- Démarrage
- Paramétrage et configuration
- Mappage des données
- Confidentialité des données

Clipboard AI user guide
Extracteurs de données
Les extracteurs de données peuvent être utilisés pour récupérer les informations appropriées à partir de différents documents et d'autres sources.
En matière de types de documents, il existe trois catégories principales :
- Structured documents - have a fixed format and are easy to process, guiding you to fill in the required data in precise fields. These documents are designed to comprise a certain type of data. Examples of structured documents: tax forms, surveys, questionnaires, etc.

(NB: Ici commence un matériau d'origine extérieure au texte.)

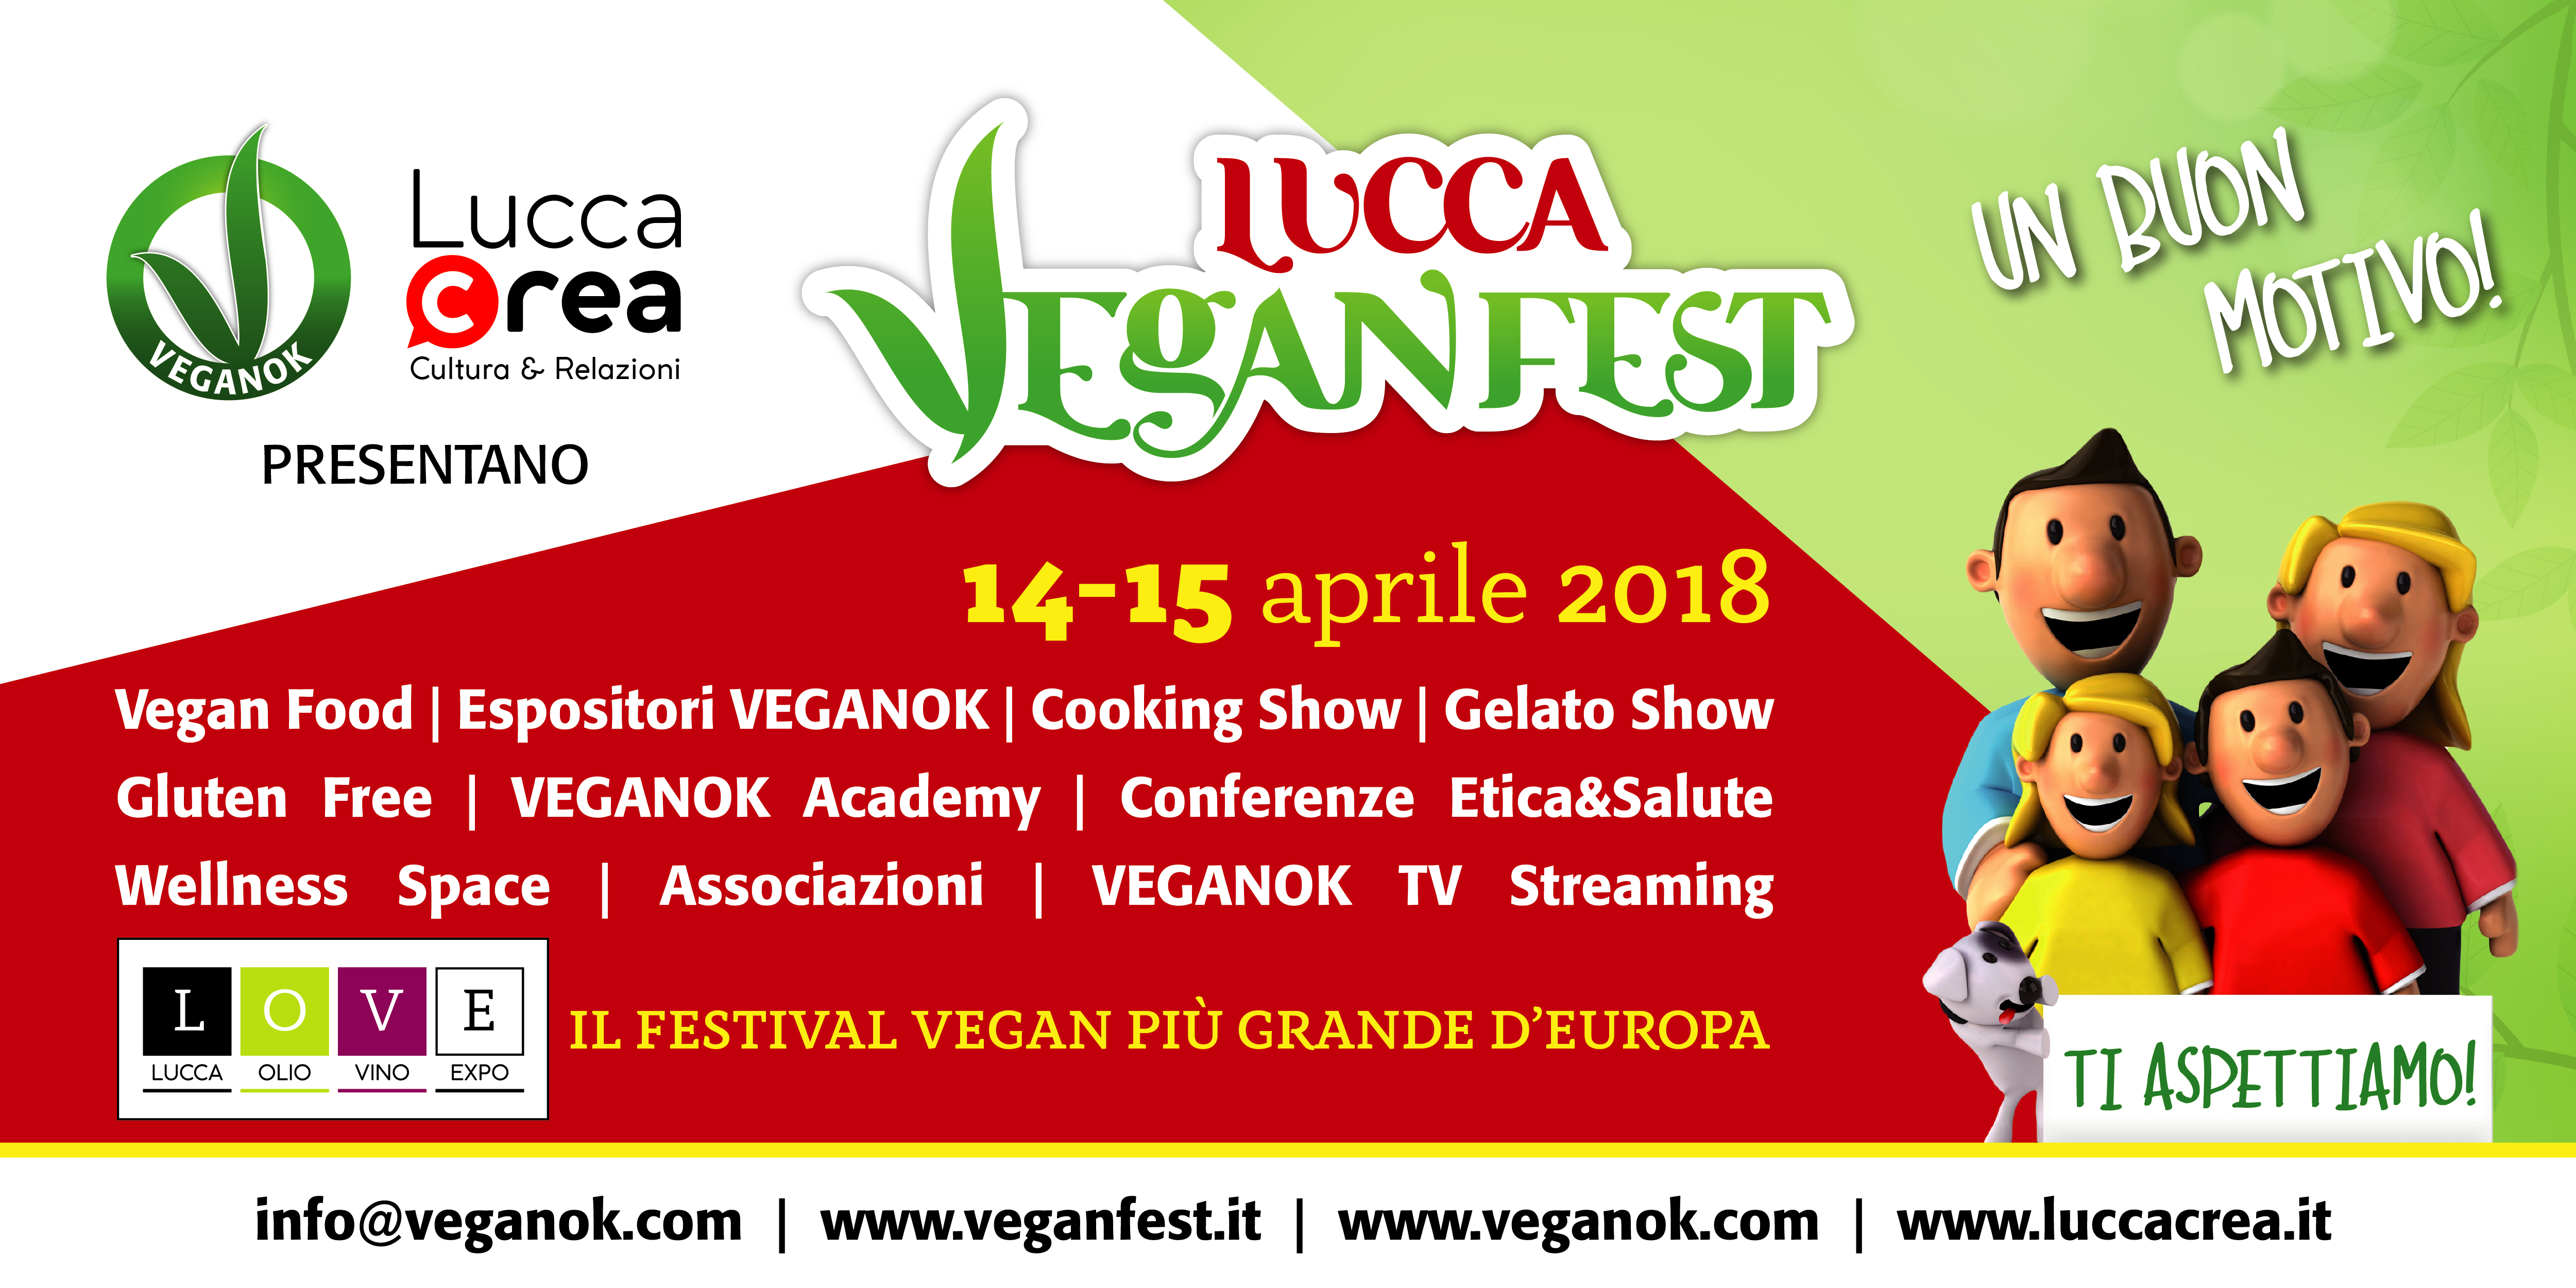 Lucca VeganFest locandina

- Semi-structured documents - have both a fixed format and variable parts. Semi-structured documents do not have a fixed format in the sense that they are not bound to specified data fields like structured documents, but they contain a predictable set of information, for example an invoice always contains a unique identifier, a date, or an invoice number but the placement might vary depending on the provider. These documents mainly contain label:value pairs and may contain paragraphs as well. Example of semi-structured documents: invoices, receipts, purchase orders, utility bills, etc.
- Unstructured documents - the information is not organized according to a fixed format. These documents mainly contain plain text, most of the data is in unstructured form inside the text. Examples of unstructured documents: contracts, emails, health records, etc.
Les extracteurs de données peuvent différer selon la façon dont ils extraient les données des documents. À ce titre, il existe deux types d’extracteurs :
- Fixed output extractors - trained to extract a predefined set of information from a document; for example the Invoice extractor always tries to extract the company name, address, total sum, etc.
- Question-answering extractors - trained to answer questions based on a given context. These extractors rely on natural language understanding to parse the text and figure out what is the exact value that needs to be extracted from the text and provide an appropriate answer or even choose an option out of a list of given options.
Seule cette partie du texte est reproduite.